Switching to Secondary Is Faster

A practical workflow that routes boilerplate and spec generation to a smaller model, reserving the flagship for review and novel problems.

Wayne Lau

  ·  2 min read

Remember, switching to your pistol is always faster than reloading.

The same idea applies to LLM workflows.

Most of the time, you don’t need a flagship model to scaffold a project. Boilerplate, spec drafts, and initial plans are all tasks where a smaller model can do the heavy lifting. Then you pass the result to a larger model for review.

Why this works #

Prefill is usually a single forward pass (not counting advanced stuff like chunking and sequence parallelism). Fundamentally, the next token is just model.forward(). How does this help?

Say your initial prompt is 16k tokens (a rough ballpark for a Claude Code session) and you need to generate another 16k tokens of output (tool calls, reads, edits included). If your large model generates at 50t/s, a small model can easily hit 200t/s. That’s 80 seconds versus 320 seconds for the same 16k tokens.

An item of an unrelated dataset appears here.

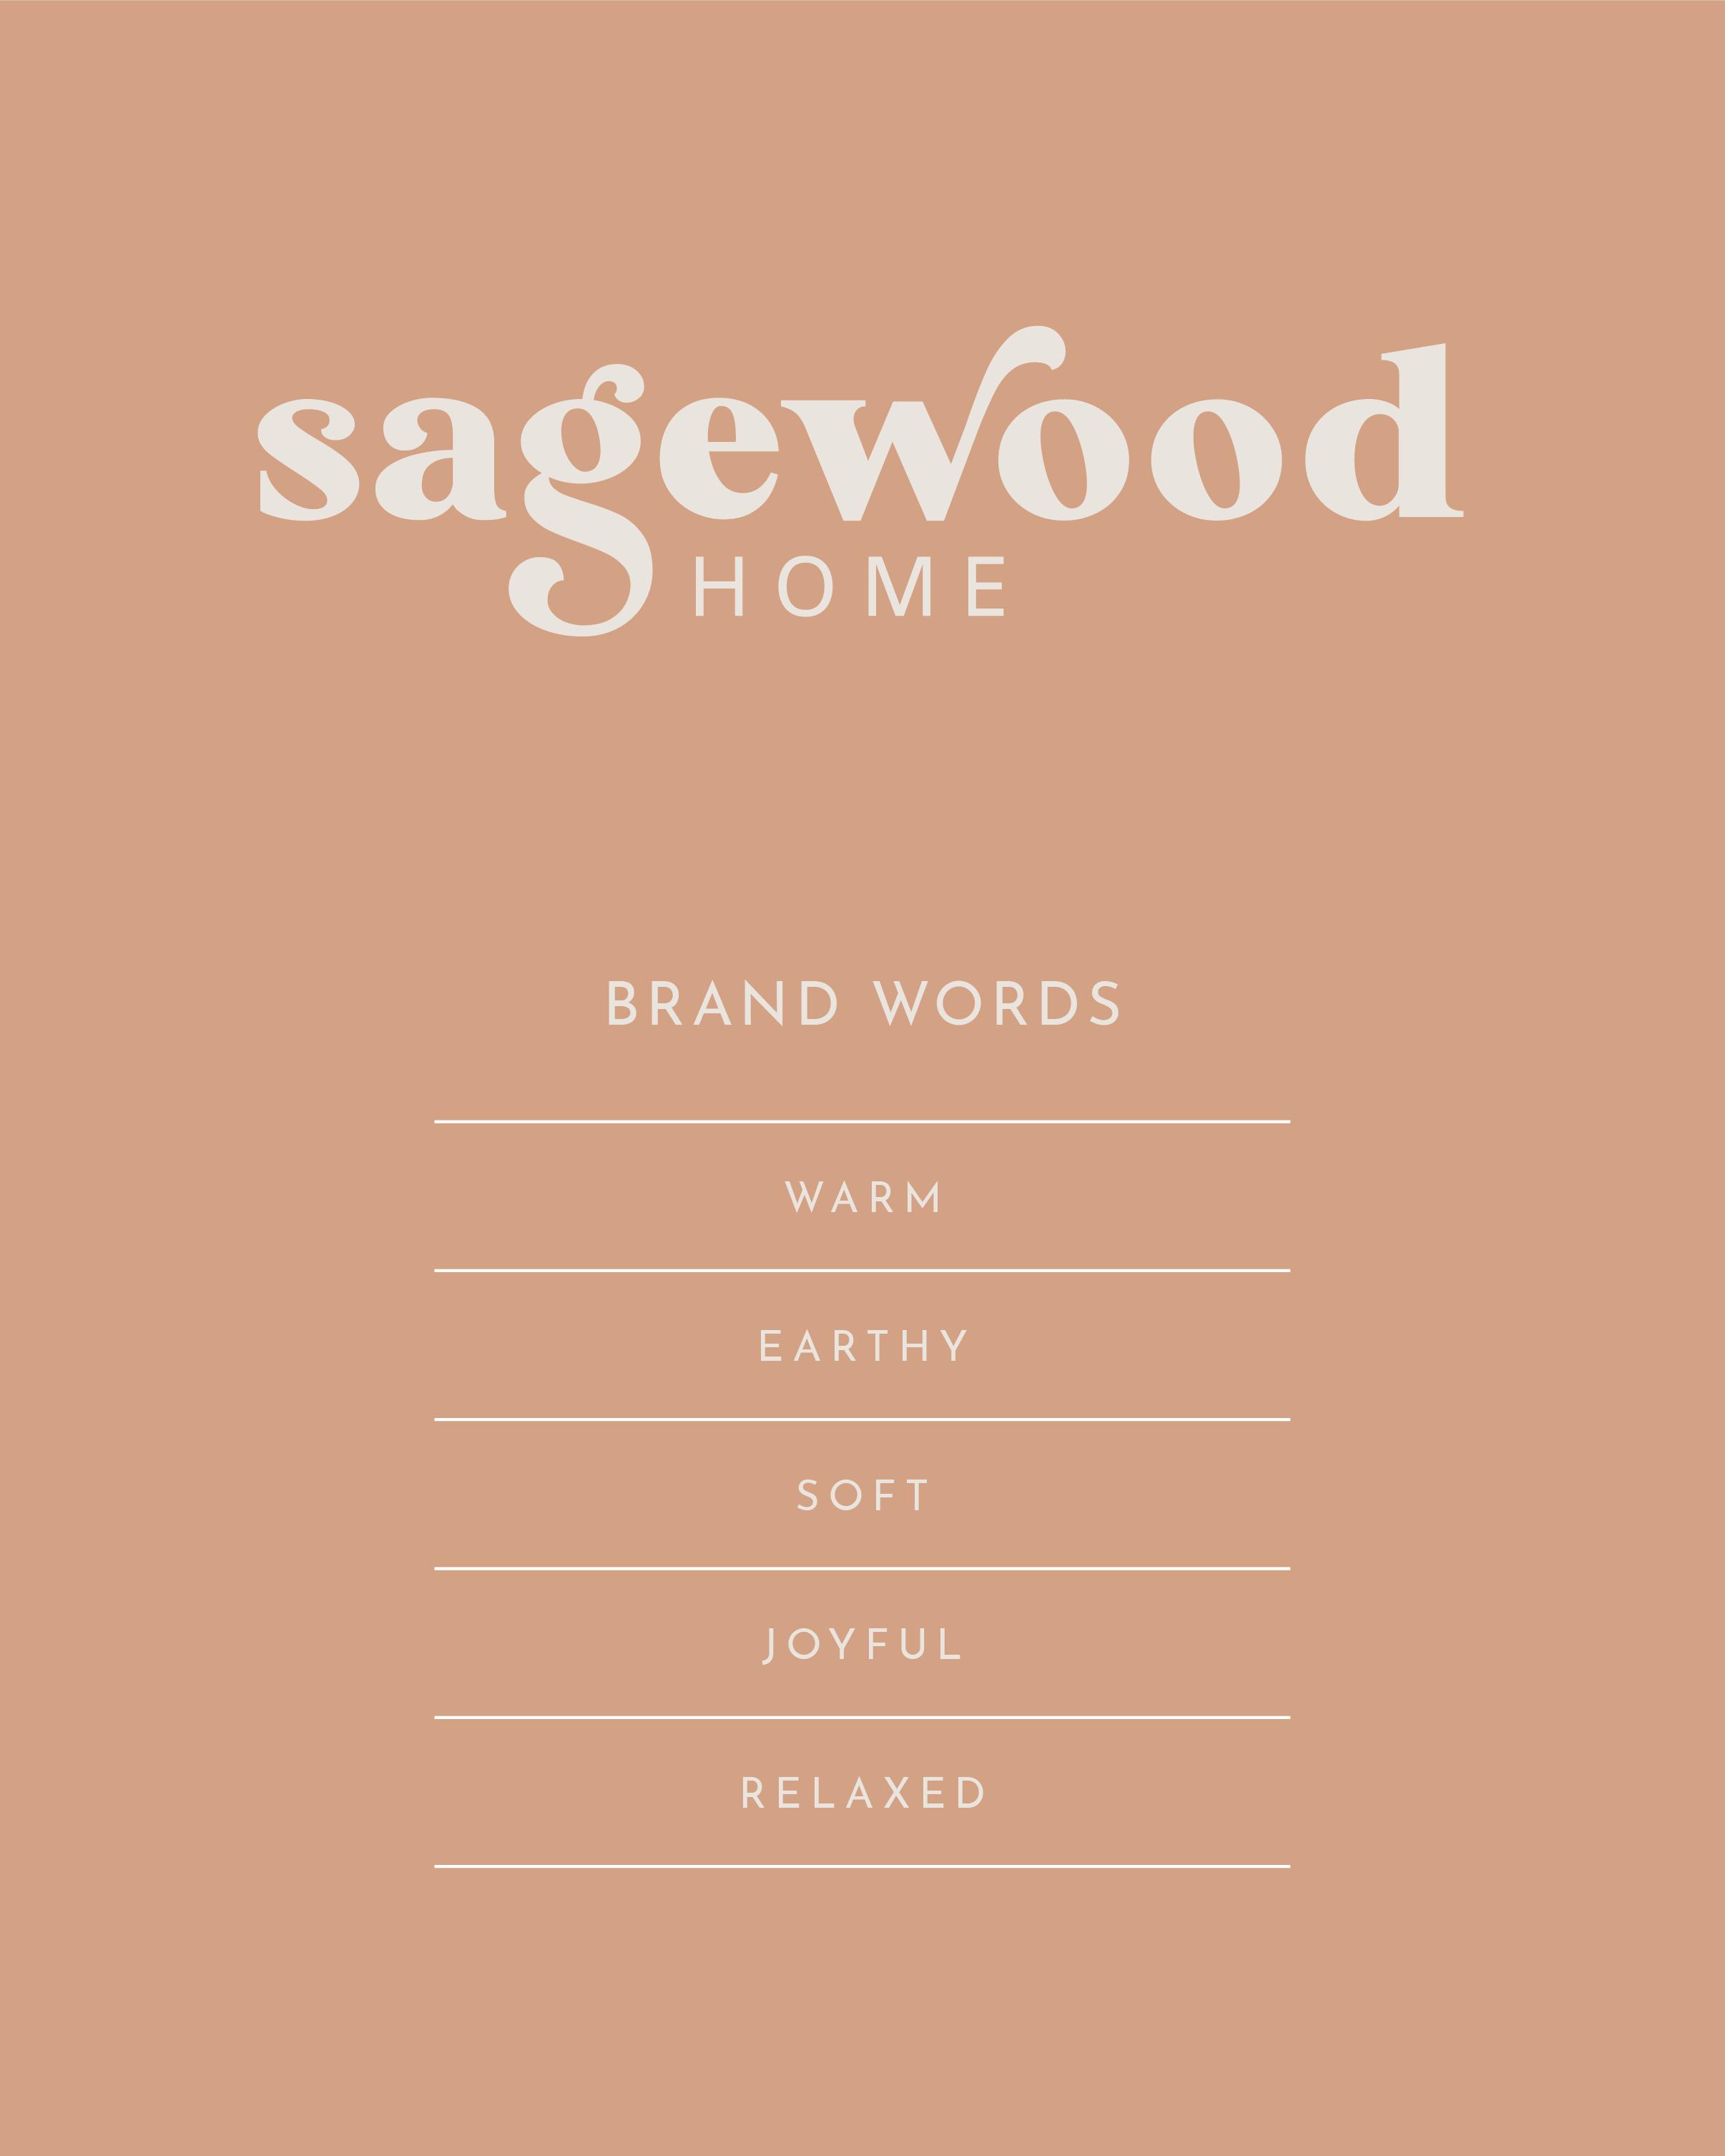 SagewoodHome_Portfolio_BrandWords.png

The concept is the same as speculative decoding. Modern decoders use a small draft model to propose multiple tokens at once, then the large model verifies them in parallel. Using a secondary model for the first pass is just speculative decoding scaled to 16k tokens.

The workflow #

Here’s what I’ve been doing:

  1. Plan — either with a small model for speed, or directly with a large model for precision. The large model is more accurate but spends more tokens on the planning stage.
  2. Review — pass the plan to a large model, fix what’s wrong.
  3. Generate code — small model implements from the refined spec.
  4. Review again — catch what the small model missed.

For the small model, I’ve been using Qwen 3.6 35b MoE. It’s fast enough to run locally and produces reasonable boilerplate. The large model then acts as a reviewer rather than a first-pass generator.

This hasn’t been tested on novel codebases. For truly new problems, I write the code myself and use the small model for repetitive tasks like generating tests and boilerplate.